Sembra il bollettino di una guerra in corso. E forse lo è. Una guerra non dichiarata ed inconsapevole, che non sventola ideologie o bandiere, ma affonda le sue radici nell'angoscia e nel profondo disagio dei giovani di oggi: "cinici arrabbiati e soli", come li definiscono i sociologi, i ragazzi del comitato Luther Blisset, quelli che ascoltano solo musica techno a 200 battute al minuto e si sballano di ecstasy e di incidenti stradali, trapper di emozioni estreme, ma solo il sabato sera.
I salti generazionali sono in progressiva accelerazione tanto da indurre gli antropologi a consegnare alla storia il modello "yuppies" per sostituirlo con lo stereotipo ancor più crudo e deprecabile di ragazzo dalla "testa vuota".
Ed in effetti la società tradita dal modello edonistico e rampante degli anni Ottanta ci consegna, da una parte, una pletora di adulti, genitori ed educatori, delusi ed immaturi, ritratti su se stessi ed intenti a piangersi addosso, e dall'altra i loro figli, i disillusi dell'essere, gli adepti dell'apparire. Figli di una società antropofagica, morta, capace solo di prevaricare sui più deboli e sui più fragili, di insegnare il valore del non valore, di premiare il tradimento e non l'onore; figli di genitori non più autorevoli che a sei anni li hanno piazzati davanti alla "tv" senza dar loro altra meta da raggiungere che il guadagno ed il successo. Salvo poi farsi prendere da rigurgiti di moralismo acuto con il risultato di creare barriere insuperabili e fratture non più componibili. Questi giovani sono così annichiliti e poveri, idealmente, psichicamente, moralmente, affettivamente, da non poter far nulla se non, quando riescono a trovare la forza, gettare un sasso dal cavalcavia.

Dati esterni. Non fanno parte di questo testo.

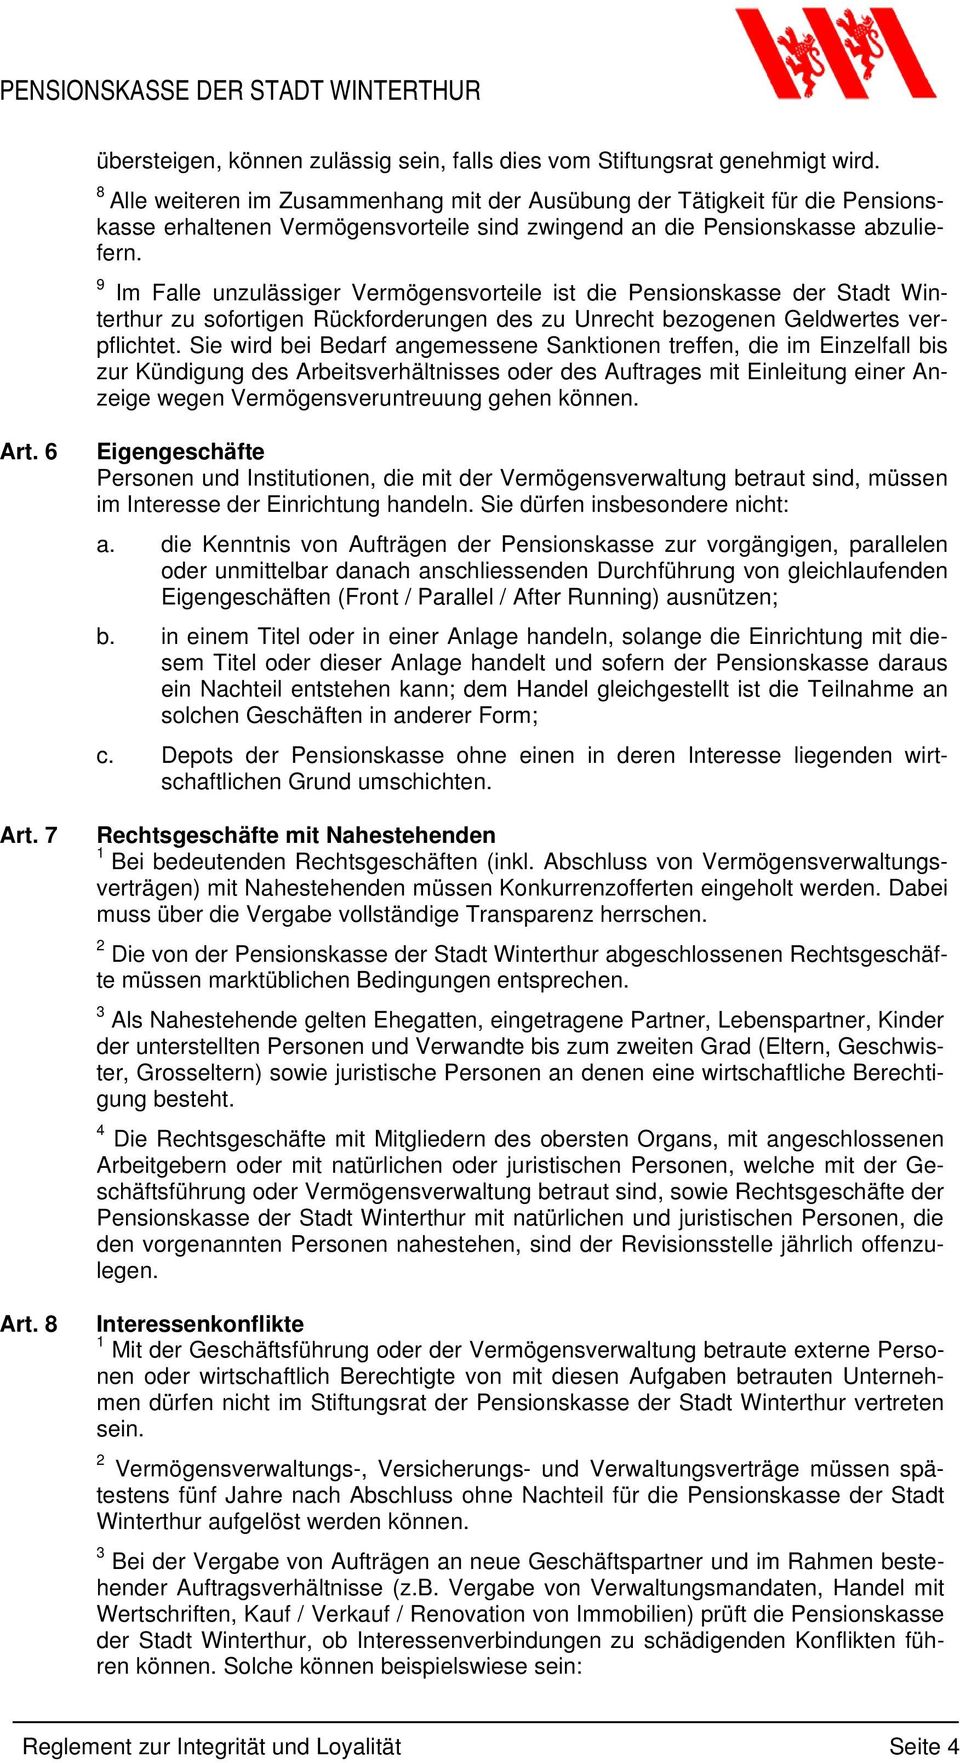 9 Im Falle unzulässiger Vermögensvorteile ist die Pensionskasse der Stadt Winterthur zu sofortigen Rückforderungen des zu Unrecht bezogenen Geldwertes verpflichtet.

Plagiati dalla pubblicità degli imbonitori, inseguono gli "status simbol" che neppure più subliminalmente vengono loro continuamene proposti: telefonino, automobili sempre più veloci e necessarie per far colpo sulla più avvenente ed insignificante della comitiva. Potenziali consumatori, protagonisti della catena dei bisogni, i giovani subiscono inconsapevolmente i processi di identificazione indotti dalla moda e dal costume.
In una società "usa e getta", sempre più virtuale, deresponsabilizzata e legata supinamente a canoni estetici, preconcetti e stantii, è facile che i più fragili smarriscano entusiasmo e convinzione nei propri mezzi; xenofobi di se stessi, finiscono per rinunciare all'originalità, alla fantasia ed all'esigenza di distinguersi per indole, gusti e scopi.
Lì dove si è "felici" solo se "vincenti" dove il "brutto" è necessariamente "cattivo", dove tutto è anabolizzato e portato volutamente all'esasperazione, è difficile pensare di poter operare una scelta in contro tendenza.
Diventa inevitabile adeguarsi per non soccombere.
Ne consegue una diversa interpretazione del vivere quotidiano e dei rapporti interpersonali. Così ammassati in questa realtà che aliena, annoia e mortifica "gregari" e perdenti premiando, sempre e comunque, soltanto i primi, si avverte l'esigenza insopprimibile di primeggiare, di essere protagonisti oltremodo ed oltremisura, di "fare tendenza".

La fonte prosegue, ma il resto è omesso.